I’ve spent years competing and succeeding in some of the world’s most intense sport and business environments. Through those years, I’ve learned there are countless intrinsic factors driving success: mindset, skill, resilience, decision-making. These are crucial and personal, yet one external factor rises above them all. And after years of reflecting on my journey, it’s clear to me that it’s not a skill or a lucky break or even one’s own relentless drive.
If there’s one thing that defines success, it’s finding the right coach. The right mentor—someone who believes in you, who sets high standards, and who has a relentless commitment to pushing you to be your best—can change everything. I want to briefly share the stories of four of them, not as a highlight reel of my life, but as the single most important thread that holds it all together.
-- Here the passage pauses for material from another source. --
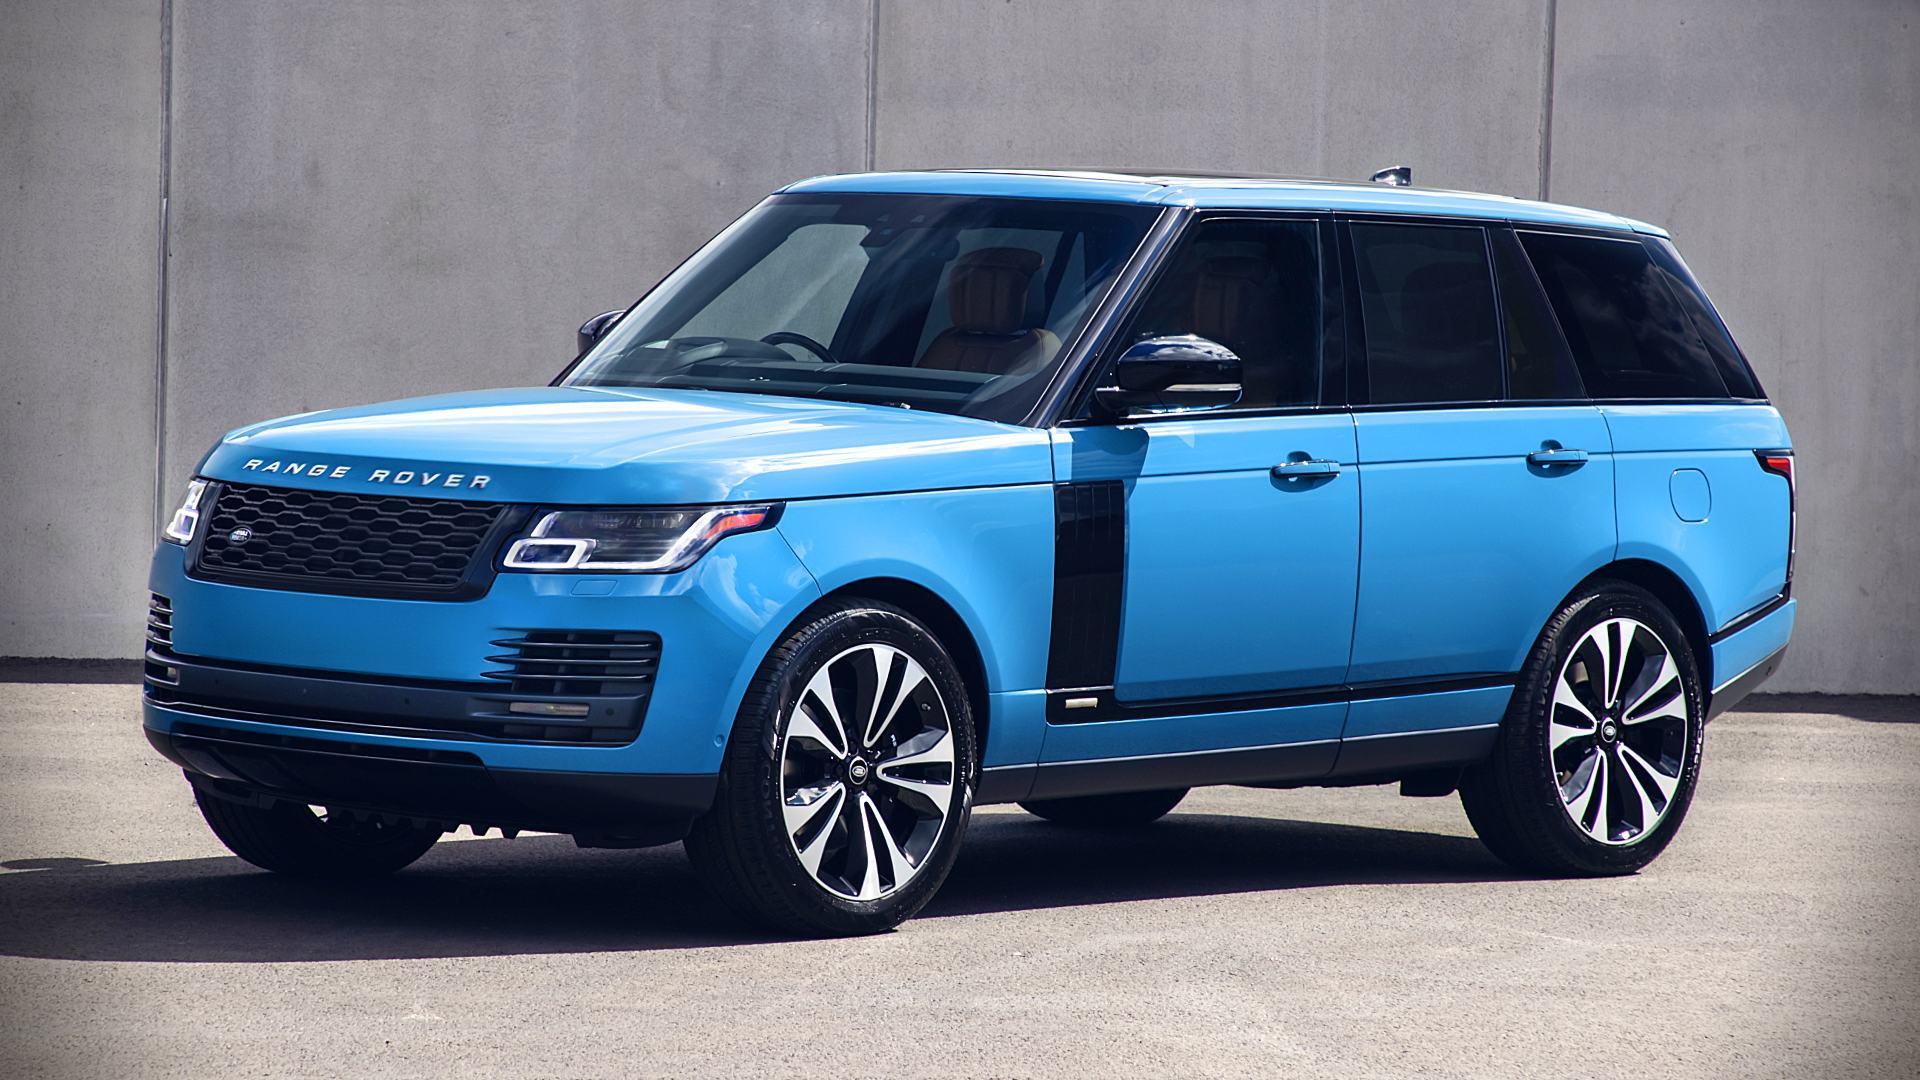 2020 Range Rover Fifty

Likely, I’ll dive deeper in the future on each one of these incredible human beings - but for now, I want to share what I’ve learned and how they’ve shaped me as a person.
Mike Wech – Humility
It was the 1990’s at City Honors School, a public school in Buffalo, NY. I was just a kid with a passion for sports, but there was a hunger in me to achieve something real. Coach Wech was my gym teacher and track coach. He easily could have claimed me as “his athlete.” By 1994, my junior year, I’d broken nearly every track record at the school; I could’ve been his crowning achievement.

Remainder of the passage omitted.